A jubilee is a particular anniversary of an event, usually denoting the  25th, 40th, 50th, 60th, and the 70th anniversary. The term is often now used to denote the celebrations associated with the reign of a monarch after a milestone number of years have passed.

Religious usage

The Jubilee ( yovel) year (every 50th year) and the Sabbatical year (every seventh year) are Biblical commandments concerning ownership of land and slaves. The laws concerning the Sabbatical year are still observed by many religious Jews in the State of Israel, while the Jubilee has not been observed for many centuries. According to the Hebrew Bible, every seventh year, farmers in the land of Israel are commanded to let their land lie fallow, and slaves were freed. The celebration of the Jubilee is the fiftieth year, that is, the year after seven Sabbatical cycles. 
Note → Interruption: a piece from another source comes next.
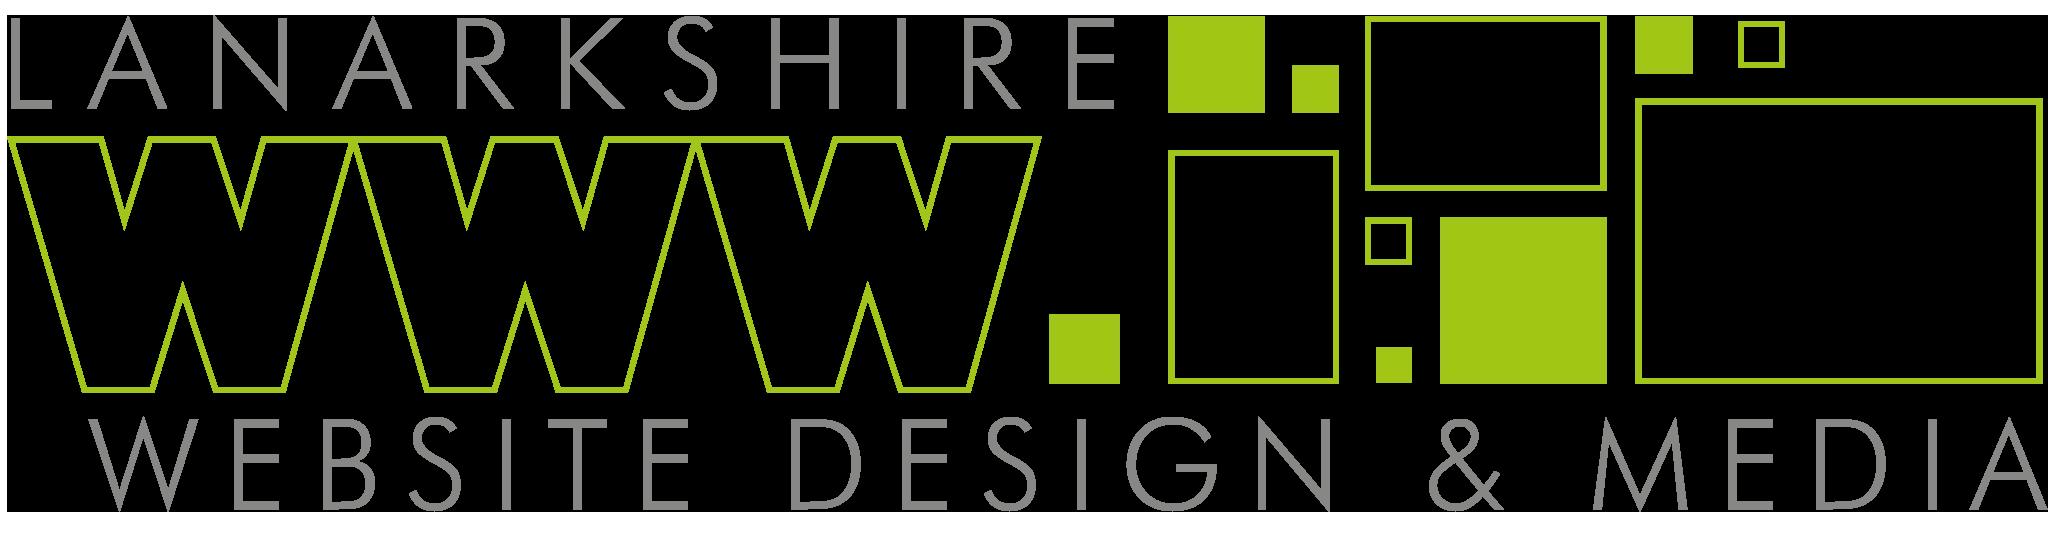 Website Design in Lanarkshire
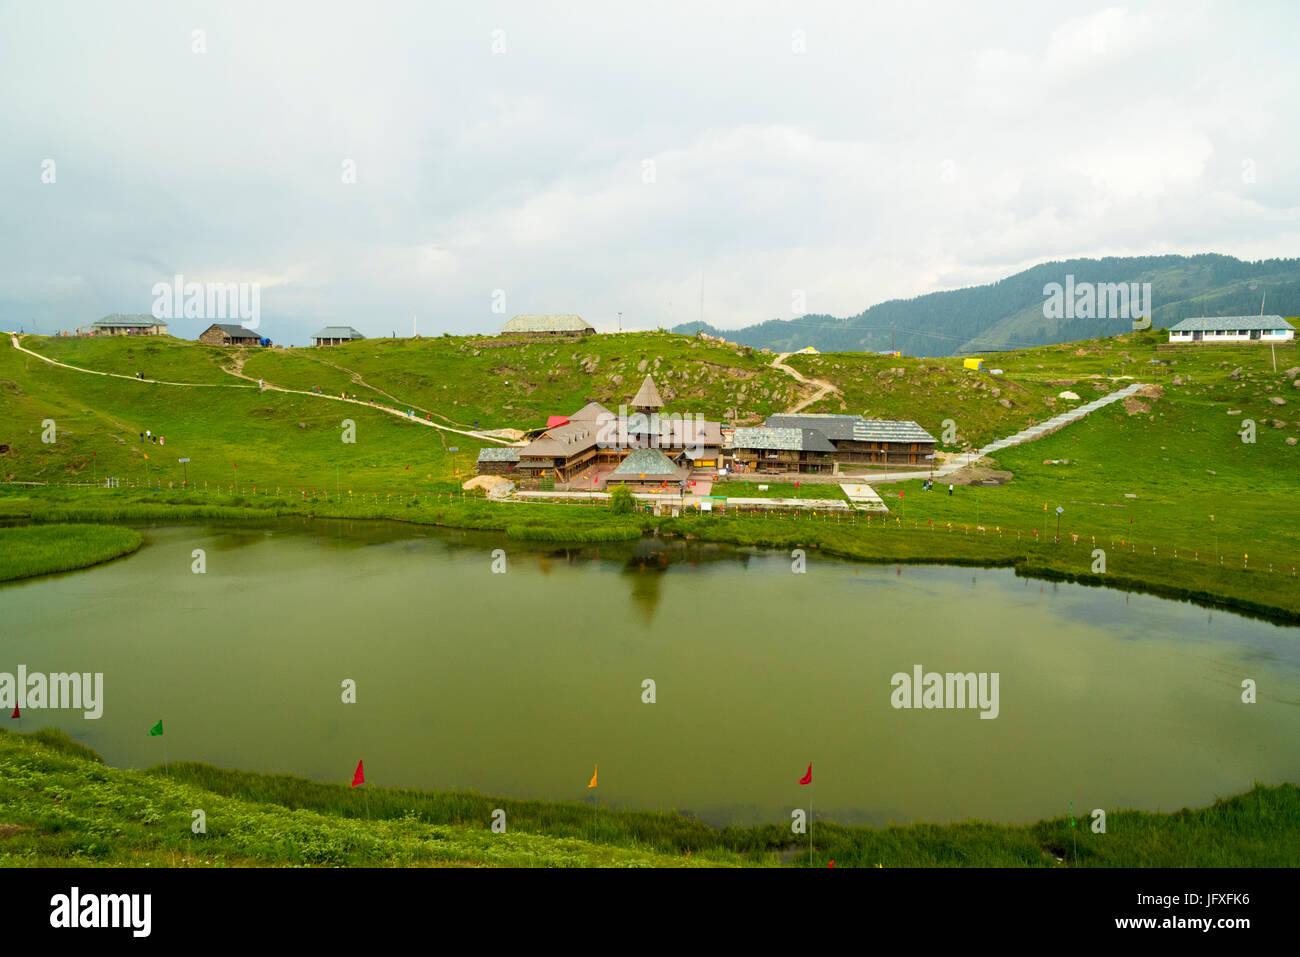 Ancient Prashar Lake Temple view with Prashar Holy water Pond and Green nature landscape at Prashar Lake, Mandi - Stock Image

In Roman Catholic tradition, a Jubilee is a year of remission of sins and also the punishment due to sin.

Terms for anniversaries

Silver jubilee, for a 25th anniversary.
Ruby jubilee, for a 40th anniversary.
Golden jubilee, for a 50th anniversary.
Diamond jubilee, for a 60th anniversary.
Sapphire jubilee, for a 65th anniversary.
Platinum jubilee, for a 70th anniversary.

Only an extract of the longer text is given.